Mahdieh Ataeyan Shahid Rajaee Teacher Training University
Negin Daneshpour Shahid Rajaee Teacher Training University

DOI: https://doi.org/10.19139/soic-2310-5070-879

Keywords: Data Cleaning, Automated Noise Detection, Clustering, K-means, Data Quality.

Abstract

Data quality has diverse dimensions, from which accuracy is the most important one. Data cleaning is one of the preprocessing steps in data mining which consists of detecting errors and repairing them. Noise is a common type of error, that occur in database. This paper proposes an automated method based on the k-means clustering for noise detection. At first, each attribute (Aj) is temporarily removed from data and the k-means clustering is applied to other attributes. Thereafter, the k-nearest neighbors is used in each cluster. After that a value is predicted for Aj in each record by the nearest neighbors.
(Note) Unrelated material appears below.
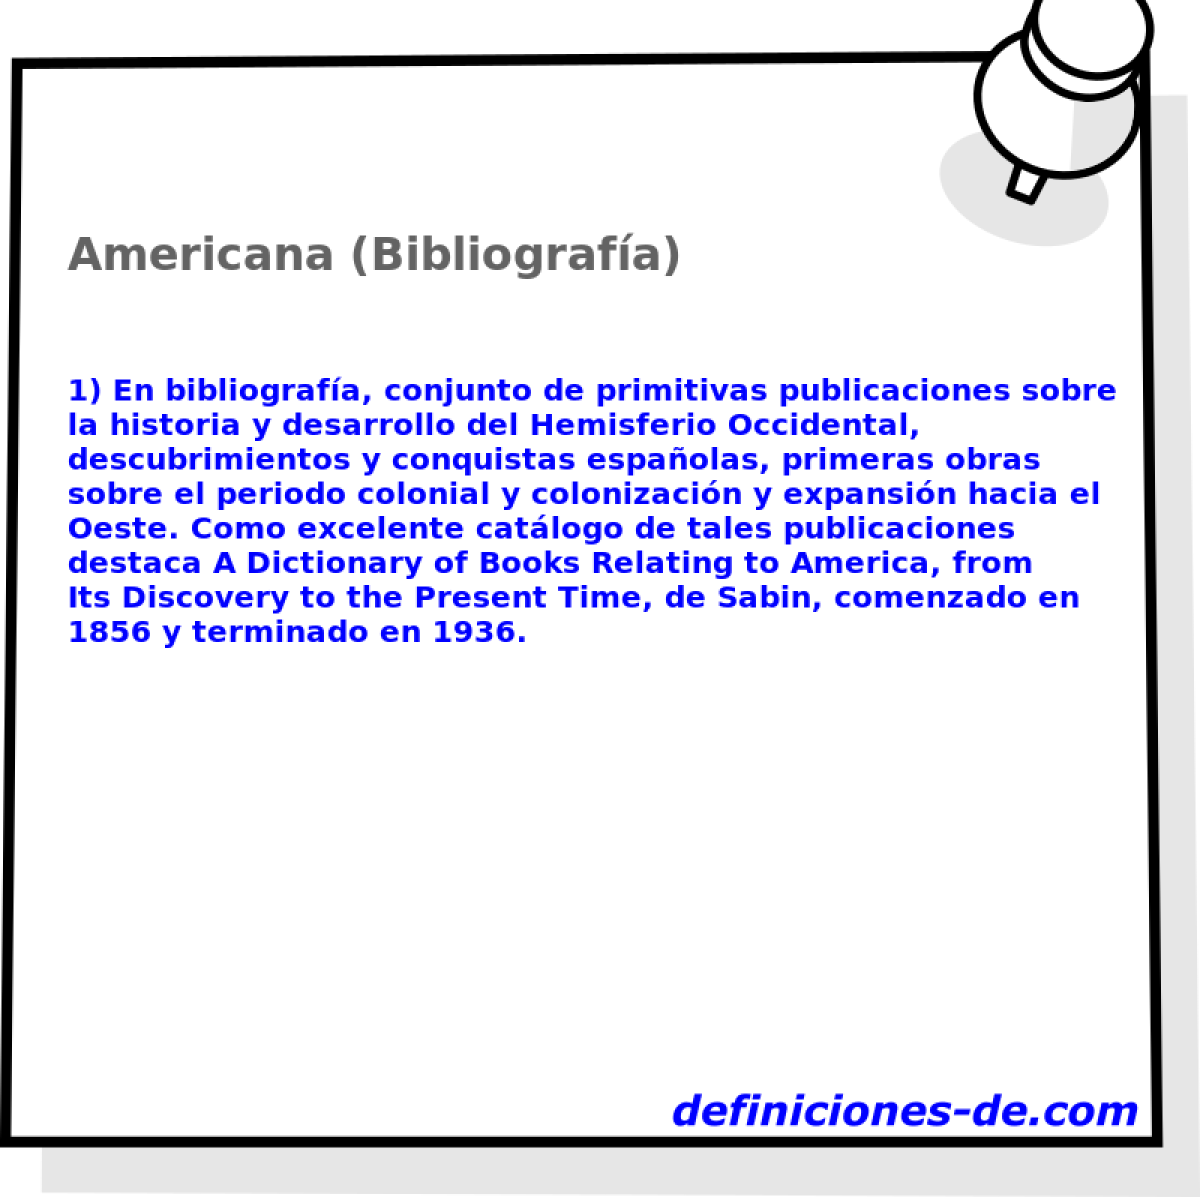 Americana (Bibliografa)

The proposed method detects noisy attributes using predicted values. Our method is able to identify several noises in a record. In addition, this method can detect noise in fields with different data types, too. Experiments show that this method can averagely detect 92% of the noises existing in the data. The proposed method is compared with a noise detection method using association rules. The results indicate that the proposed method have improved noise detection averagely by 13%.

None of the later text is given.